Due to the inner structure of coefficient representation, we can represent g(x,y) as f(x,y,x^{m/2}). That means that we can store rollup block data as a set of shards, keeping the source polynomial structure, keeping the source commitment. Then a_{ij} will be some kind of intermediate representation of the committed data.

## Algorithm description

```
def get_shards_and_commitments(data: List[M31], m:int, n:int, k:int, cd:Domain, rd:Domain, xrd:Domain)
# data is a list of N elements
# m is the number of rows in the table
# n is the number of nodes
# k is the number of nodes required to recover the original data
# cd is the evaluation domain for the columns
# rd is the evaluation domain for the rows
# xrd is evaluation domain for the shards (blown up rows)
# Returns polynomial commitments and prover data for all the data and shards
# create a table of size m x k, fulfilled row by row
table = create_table(data, m, k)
# perform cfft on each row of the table
for row in table:
row[:] = cfft(row, rd)
# create shards
shards = [icfft(fit_to_domain_with_zeros(row, rd, xrd), xrd) for row in table]
# convert to col-ordered table
shards = to_col_ordered(shards)
# convert table to col_ordered
table = to_col_ordered(table)
# compute monomial representation of $f(x,y,x^{m/2})$
f = concat([cfft(col, cd) for col in table])
return pcs_monomial_repr(f), [pcs(shard) for shard in shards]
```

## Distributing the data over a cluster of nodes

In practice, the client should deliver the data to n nodes, and the total amount of data is bN. However, for big files, it could be inefficient due to the client’s limited bandwidth.

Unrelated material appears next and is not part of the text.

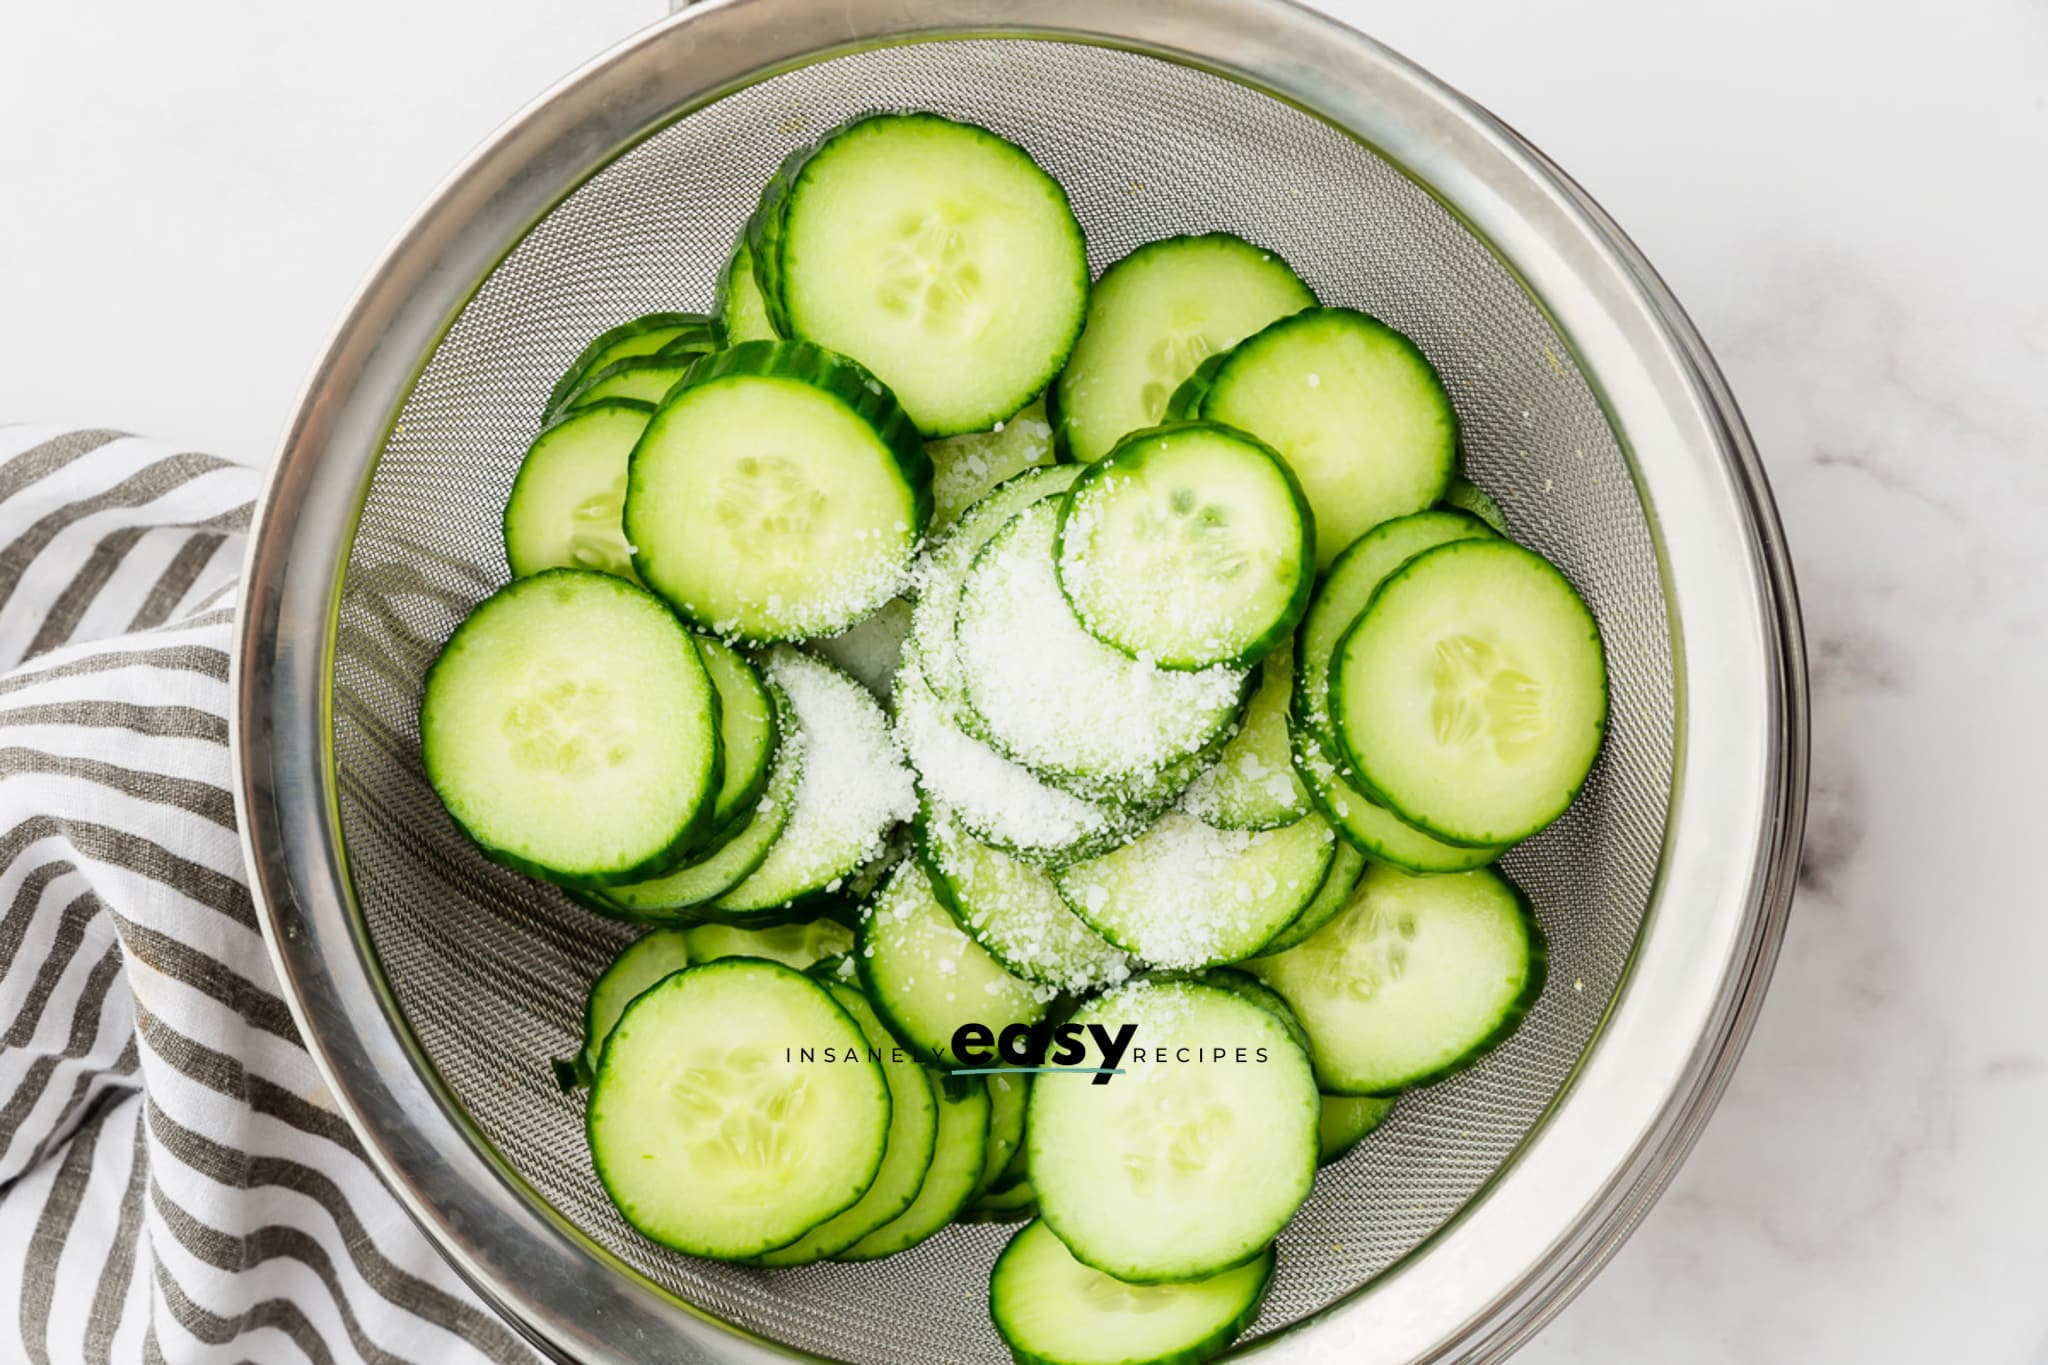 Salted cucumber slices in a mesh sieve, draining.

Instead of this client-centralized approach, b nodes could deliver N \cdot (1-1/k) total data to k-1 nodes. There is no bottleneck at the client side (the client sends just N data to one node), but total network data bandwidth is b N \cdot (2-1/k) \approx 2bN.

There is no valuable computational overhead to compute the shards vectors because with fft or cfft each node can perform a unique coset shift instead of blowup (and the sum of all shifted evaluation domains is the evaluation domain for the blowup).

## Conclusion

We have extended our method of data representation to the M31 field, providing a robust framework for efficient data distribution in blockchain storage. By representing data as a table and using FFT/CFFT techniques, we achieve O(N log n) decoding complexity, significantly optimizing the data encoding-decoding procedure. This approach is particularly valuable in blockchain systems where nodes can only fail as a whole, and efficient data recovery is crucial.

While the complexity of polynomial commitment calculations remains O(N log N) for FRI, our method provides substantial benefits in the overall data handling process, making it a promising solution for scalable blockchain storage.